Waving a rhetorical banner of doom and trashing former President Donald Trump, Biden administration climate czar John Kerry proclaimed Friday that looming climate disaster is only nine years away.
Kerry spoke to the Munich Security Conference as part of the hoopla surrounding the formal readmission of the United States to the Paris climate accords, which seeks to reduce global emissions.
“Three years ago, scientists warned that if we want to prevent the worst consequences of the climate crisis, we have to limit the planet’s warming to 1.5 degrees Celsius. That’s the magic number by consensus among most scientists,” Kerry said Friday, according to a transcript of his remarks posted by Yahoo.
“The same group of scientists told us that we had, three years ago, about 12 years. So now, three years later — three years wasted, sadly, largely because of our president in the United States — around 2030 is the date in which we have to get the world now on the right path in order to cap the warming at that level of 1.5. So we are absolutely, clearly, without question now inside the decisive decade.”
Kerry made similar comments in an interview with CBS News.
“Well, the scientists told us three years ago we had 12 years to avert the worst consequences of climate crisis. We are now three years gone, so we have nine years left,” he said.
“Even if we did everything that we said we were going to do when we signed up in Paris we would see a rise in the earth’s temperature to somewhere around 3.7 degrees or more, which is catastrophic,” the climate czar added.
“There is no room for B.S. anymore. There’s no faking it on this one.”
Kerry claimed that the storms that set records in Texas for cold and snow are part of what he wants to stop.
“I think it’s a very appropriate way to think of it, so it is directly related to the warming, even though your instinct is to say, wait a minute, this is the new Ice Age.
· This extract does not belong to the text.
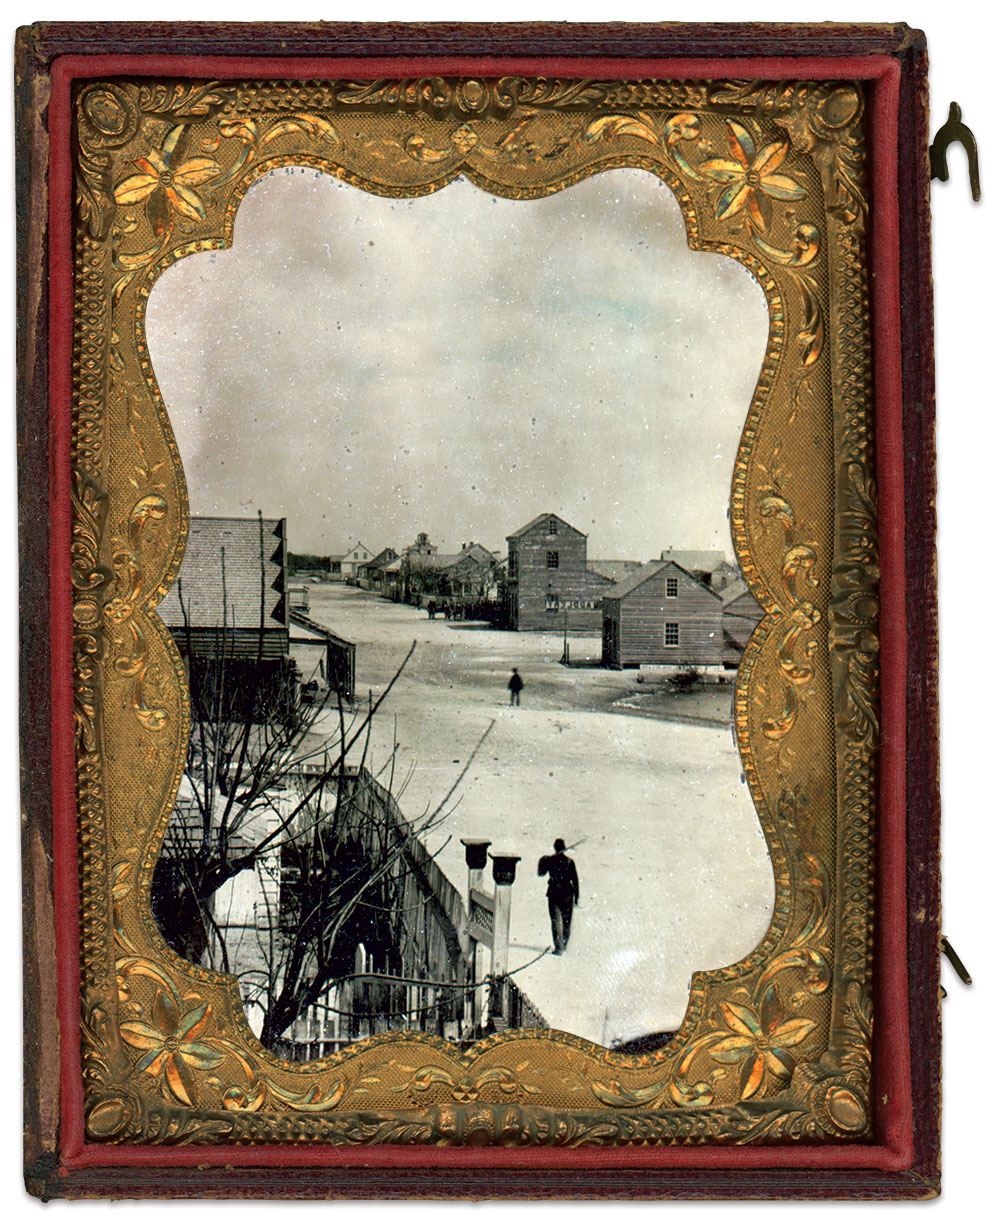 Quarter-plate tintype by an unidentified photographer. Rich Jahn Collection.

But it’s not,” he said. “It is coming from the global warming and it threatens all the normal weather patterns.”
Not everyone had the same opinion.
“He’s not entirely correct,” Texas State climatologist John Neilsen-Gammon told Fox News. “In Texas, when we get cold we get it from the Arctic, it doesn’t form here, it has to move here. The direct temperature effect [of climate change] on cold weather would make extreme cold weather in Texas milder.”
Kerry’s warning is reminiscent of past claims that set a date for catastrophe.
In 2017, The Wall Street Journal took a look at how far from the mark former Vice President Al Gore’s 2006 film “An Inconvenient Truth” was.
“The former vice president has a poor record,” The Journal reported. “Over the past 11 years Mr. Gore has suggested that global warming had caused an increase in tornadoes, that Mount Kilimanjaro’s glacier would disappear by 2016, and that the Arctic summers could be ice-free as soon as 2014. These predictions and claims all proved wrong.”
Alarming claims about the environment are nothing new.
“Back in the late 1980s, the UN claimed that if global warming were not checked by 2000, rising sea levels would wash entire countries away,” Robert Bradley of the Institute for Energy Research wrote in 2018.
“There is some levity in the charade. In 2009, then-British Prime Minister Gordon Brown predicted that the world had only 50 days to save the planet from global warming. But fifty days, six months, and eight years later, the earth seems fine.”